% This is a modified version of Springer's LNCS template suitable for anonymized MICCAI 2025 main conference submissions. 
% Original file: samplepaper.tex, a sample chapter demonstrating the LLNCS macro package for Springer Computer Science proceedings; Version 2.21 of 2022/01/12
\documentclass[runningheads]{llncs}
\usepackage{booktabs}    % For better horizontal rules
\usepackage{multirow}    % For multirow cells
\usepackage{graphicx}    % For \resizebox
\usepackage{amsmath}
\usepackage{float}
%
\usepackage[T1]{fontenc}
% T1 fonts will be used to generate the final print and online PDFs,
% so please use T1 fonts in your manuscript whenever possible.
% Other font encodings may result in incorrect characters.
%
\usepackage{graphicx,verbatim}
% Used for displaying a sample figure. If possible, figure files should
% be included in EPS format.
%
% If you use the hyperref package, please uncomment the following two lines
% to display URLs in blue roman font according to Springer's eBook style:
%\usepackage{color}
%\renewcommand\UrlFont{\color{blue}\rmfamily}
%\urlstyle{rm}
\begin{document}
%
\title{Memory-Enhanced Temporal Learning: Leveraging SAM2’s Memory Modules for Consistent Segmentation on Surgical Video}
\titlerunning{Memory-Enhanced Temporal Learning}

\author{Shunsuke Kikuchi\index{Kikuchi, Shunsuke}\inst{1, 2} \and
Atsushi Kouno\index{Kouno, Atsushi}\inst{1} \and
Hiroki Matsuzaki\index{Matsuzaki, Hiroki}\inst{1}}
\authorrunning{S. Kikuchi, A. Kouno and H. Matsuzaki }
\institute{Jmees Inc., Kashiwa-city, Chiba, Japan \url{https://www.jmees-inc.com/en/} \and
Computational and Systems Biology Program, UCLA, Los Angeles CA 90095, USA \email{shunkikuchi2111@ucla.edu}}
    

    
\maketitle
%
\begin{abstract}
Video segmentation is critical for many medical imaging applications; however, developing video-aware models is challenging as they require densely annotated large-scale datasets. Most mainstream segmentation models process each frame independently, often resulting in inconsistent segmentation masks across consecutive frames. Although the recently proposed Segment Anything Model 2 (SAM2) has demonstrated promising segmentation capabilities with its memory mechanism, applying SAM2 in clinical settings is challenging due to its reliance on user prompts.
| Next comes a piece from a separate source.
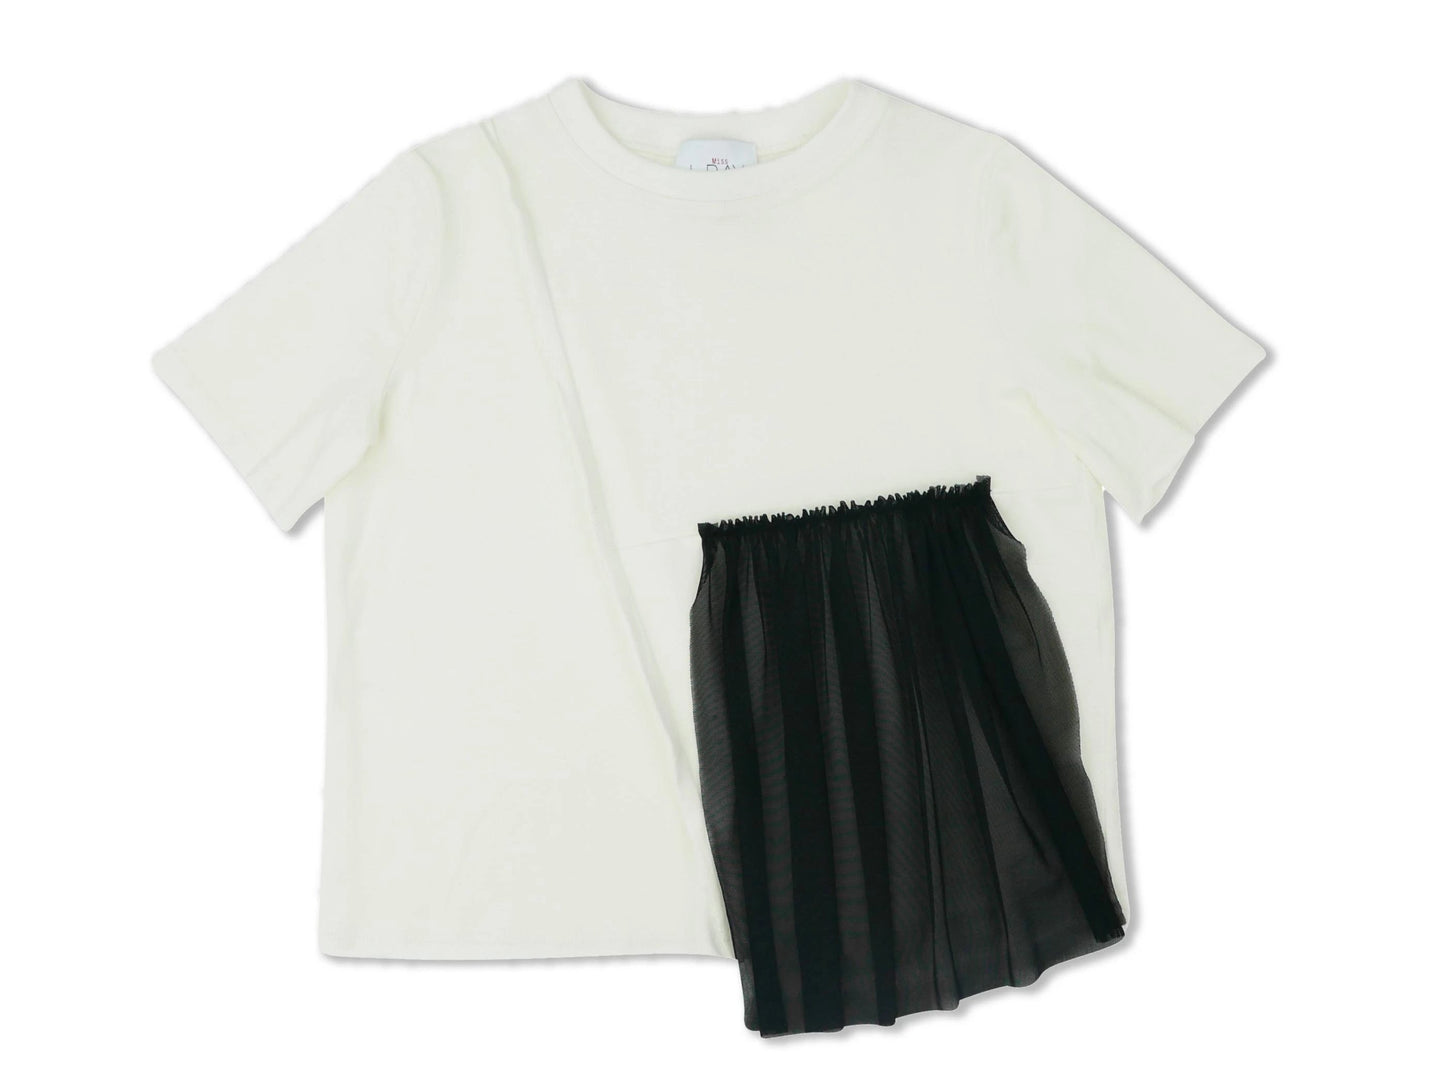 Miss L.Ray Jersey June Tulle Top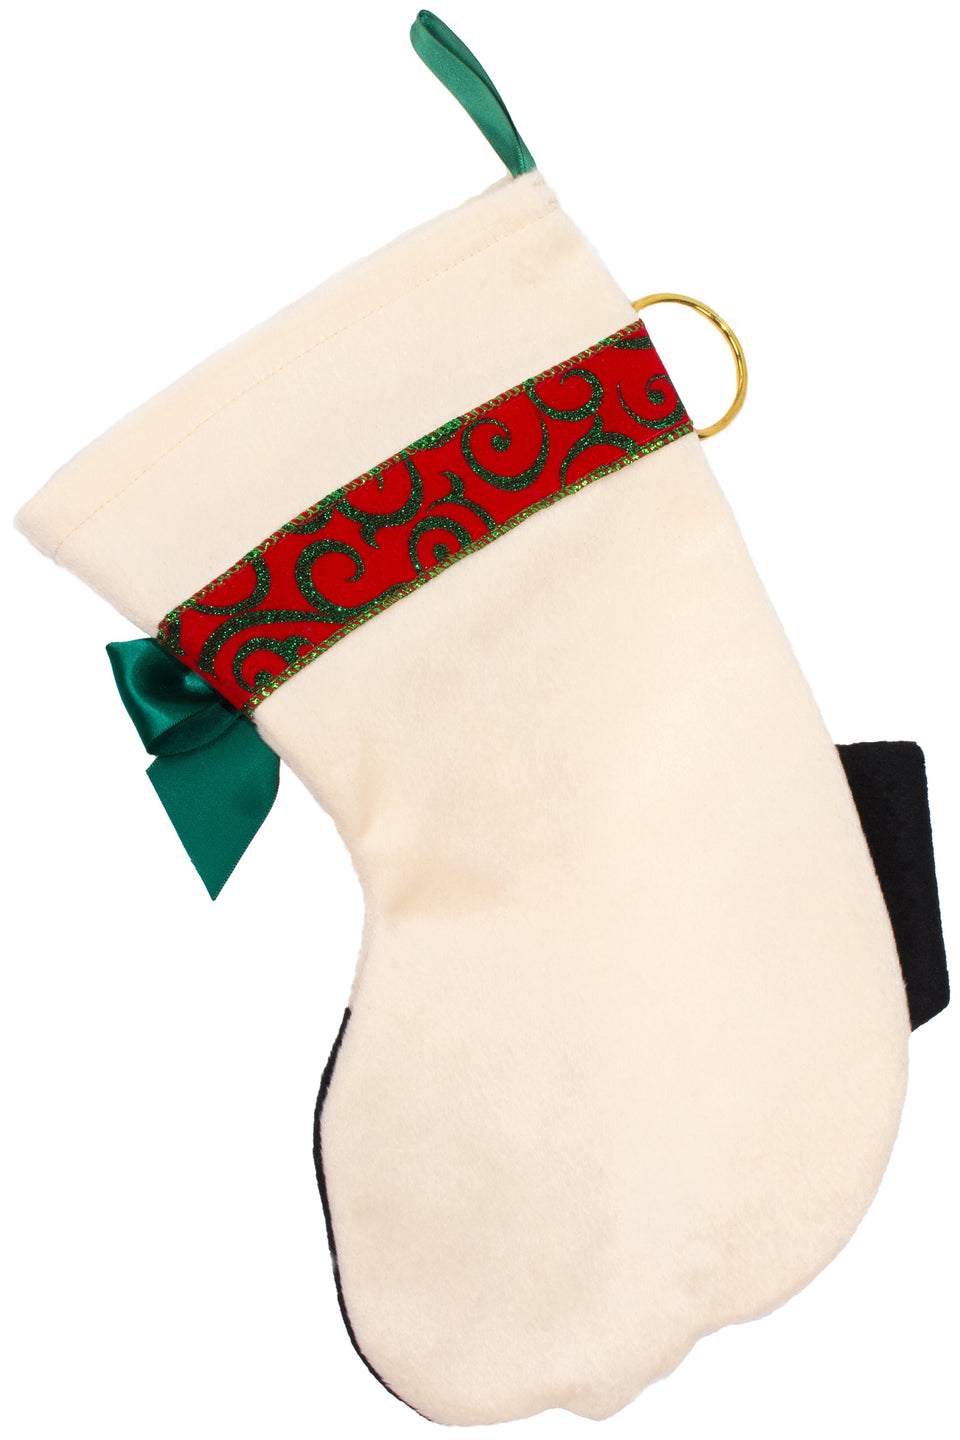 This Pug Christmas dog stocking is the perfect gift for stuffing toys and treats into to spoil your fur baby for Christmas, or whatever holiday you celebrate!

To address these issues, we introduce the Temporal Memory Augmentation Module (TMAM). TMAM adapts any pre-trained 2D segmentation model by encoding past-frame predictions via SAM2’s memory encoder and applying memory attention to refine current-frame features. By leveraging temporal redundancy in video sequences, TMAM captures contextual cues that may be overlooked by single-frame processing, thereby improving robustness to occlusions and boundary artifacts.

Experiments on public surgical video datasets demonstrate that TMAM enhances Dice scores and temporal consistency across various base architectures. These results highlight TMAM’s ability to produce smoother, more coherent segmentations, paving the way for more reliable video analysis in surgical image navigation systems and robotic surgery, where precise and consistent segmentation is essential.

\keywords{Video Segmentation  \and Endoscopic Video \and Temporal Consistency.}

\end{abstract}
%
%
%
\section{Introduction}

Accurate and temporally consistent video segmentation is crucial in medical image analysis, particularly for high-stakes applications such as surgical support systems and robotic surgery. In these settings, reliable segmentation not only enhances the precision of tissue and instrument tracking but also directly contributes to improved patient outcomes. Recent advances, exemplified by the Segment Anything Model 2 (SAM2), have demonstrated that incorporating memory mechanisms to capture temporal context can dramatically enhance segmentation performance~\cite{sam2}.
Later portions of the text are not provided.